We shave Alfred’s hair just before his 4th Birthday. Alfred is not walking, well actually he can’t even right himself if he slips sideways on the couch. He has nausea and is being fed through his nasogastric tube overnight. Alfred is our full time care. He never complains, and he has a joke or a bluey funny to brighten the moment when he can muster it. Remy is remote learning and Margaret is finding her voice.
We now have a hospital routine and home routine. Will sleeps overnight in hospital with Alfred and I go in for the day with Margaret (Margaret is only allowed in because I am feeding her). We do swap over in the carpark as Remy isn’t allowed in. We are okay with this, because the hospital is doing everything it can to keep COVID out. Will only sees Margaret and I for swap overs.
Parks begin to open up as restrictions start to ease. We are starting to see the end of the first 3 months of treatment and discuss the potential of having the 3-month interim maintenance phase back at home in Launceston. We are all looking forward to this, we all need this to reset and find a new normal with Alfred’s 2.5 year journey. Will can kick start his business and Remy can go back to school. Alfred, Margaret and I can work through the treatment together, flying back to Melbourne in October with assistance from one of our parents for the next big 3-month phase. Will and Remy would look to come back and forth from Tasmania for long weekends.
We start to see the sunshine again.
Will’s brother visits from Sydney for a weekend. My parents visit from Tasmania (again knowing they have to quarantine for two weeks, but from home this time).
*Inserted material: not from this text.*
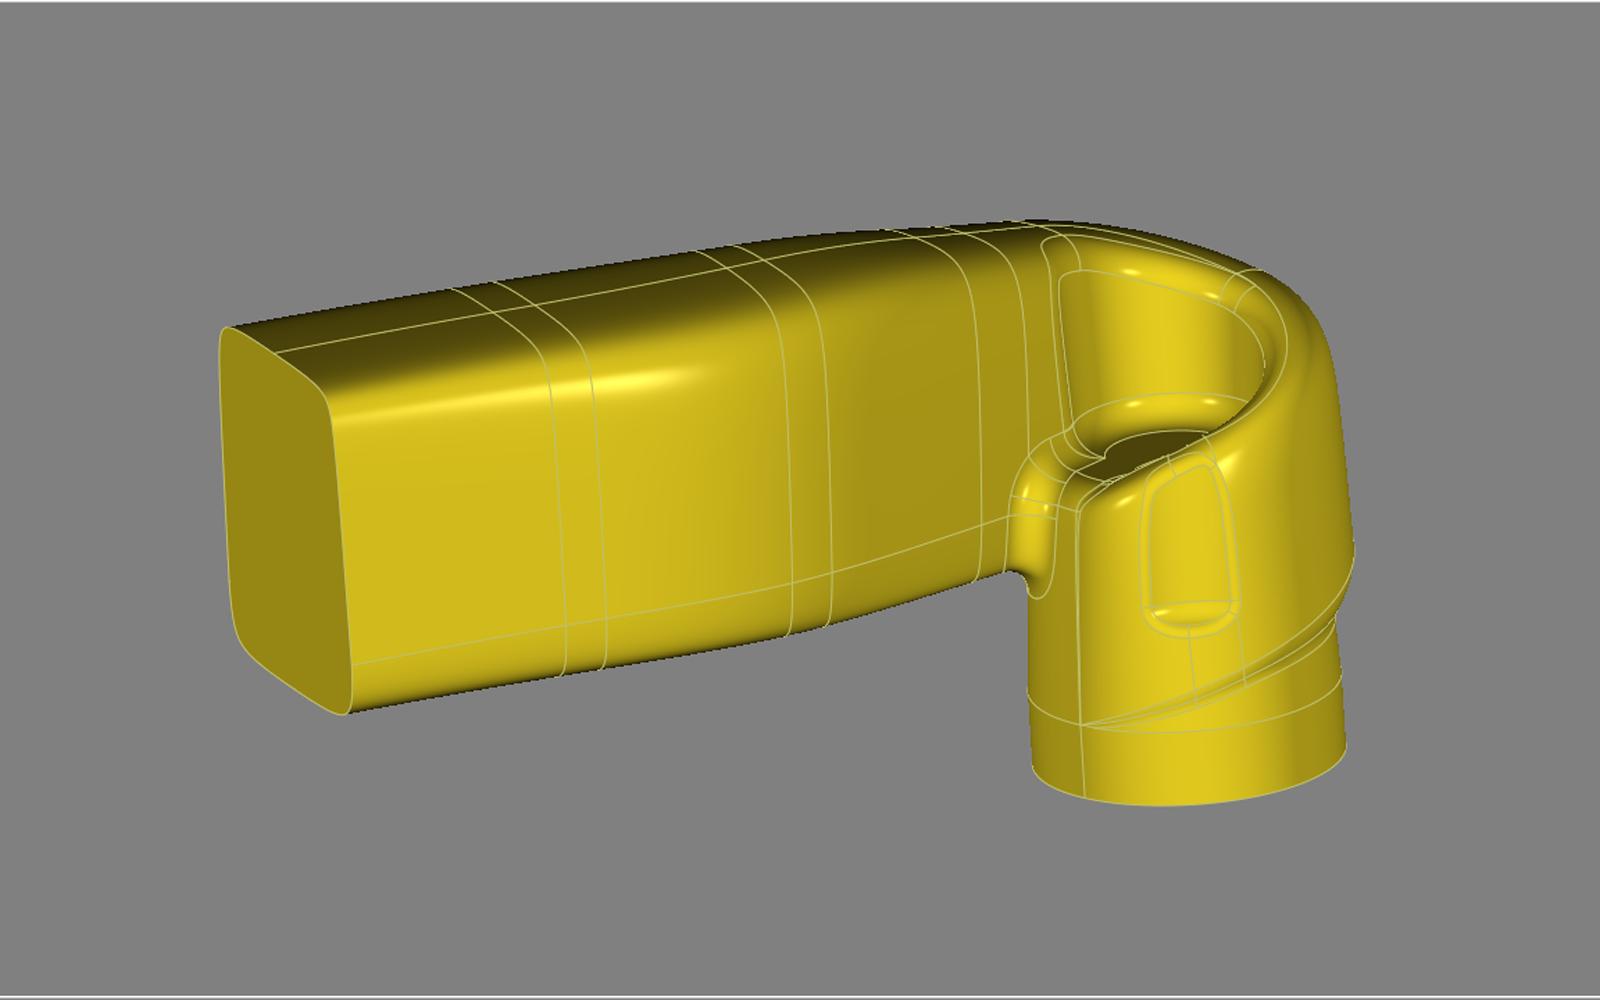 Conap 3D Qualitätskontrolle - Einlasskanal auf dem Messtisch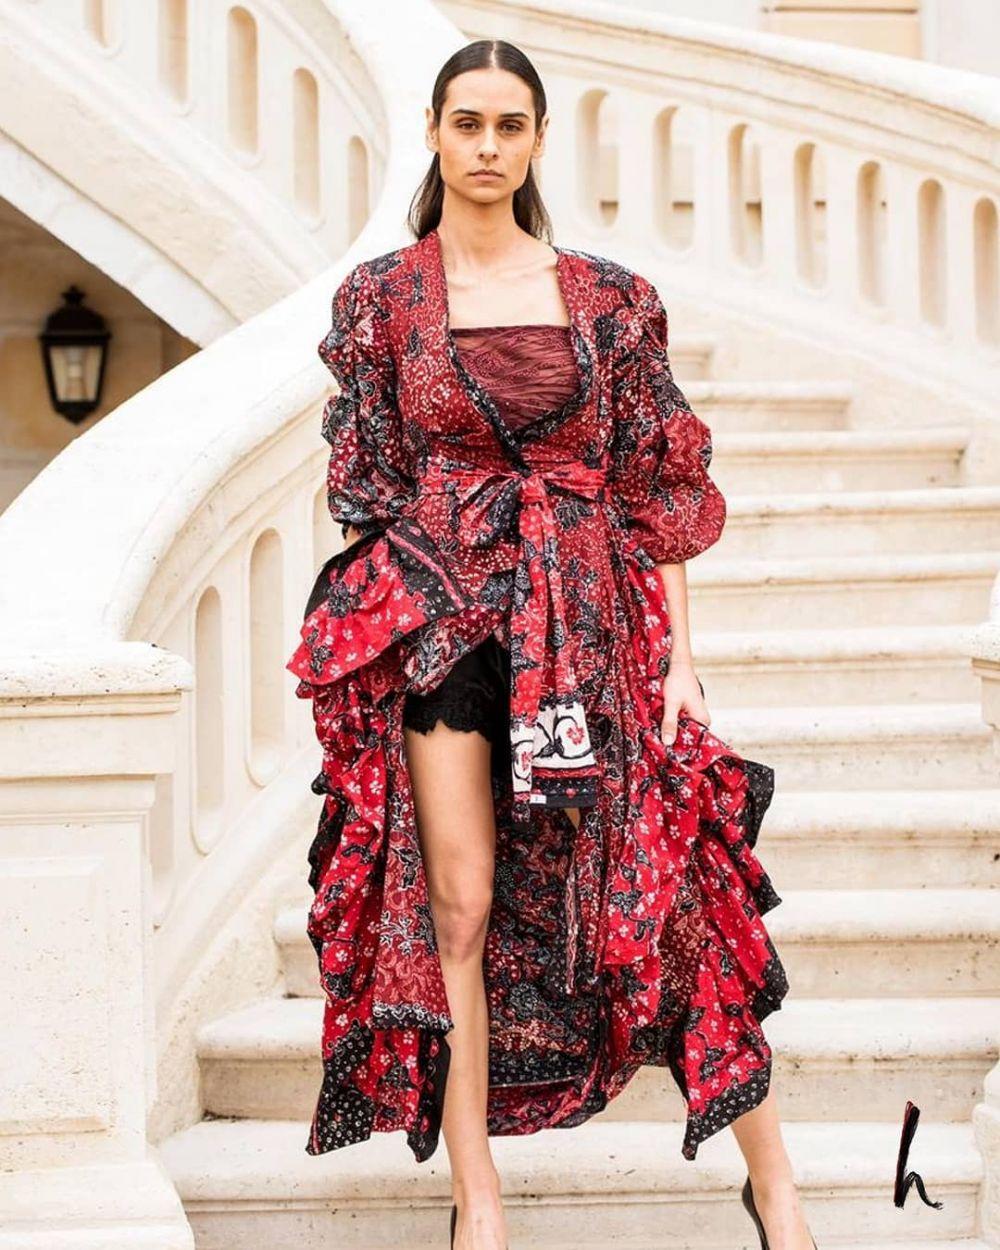 Potret outfit batik khas Lasem © 2020 brilio.net

We are feeling confident and plan for Remy to fly back with them to be able to quarantine and start school on the first day of term 3. Will plans to see out the last big part of phase 2 and fly to Launceston on the first school day so he is home when Remy finishes school. Alfred, Margaret and I will fly home roughly a week or two later after the test results are given. Will puts in an application to be able to work and not quarantine. I apply for a masters course. Margaret is now six months and eating solids.
We say goodbye to Remy, Mum and Dad. We talk to friends and family about seeing them. We will see our cat and dog soon. We are all getting excited.
Three days into Remy’s quarantine and Melbourne has turned. Borders have closed and we are now not going home until January.
Six more months in Melbourne away from family, friends, work, pets.
Remy is now having a Tassie Holiday (the holiday we all want). He quarantines for 2 weeks, goes to school for two weeks, and is one of five people flying to Melbourne in the middle of a pandemic.
Now we are home in Tasmania surrounded by family, friends and a community who are a supporting us in amazing ways as we create our new normal.
In August 2022, we hope Alfred can finish his treatment.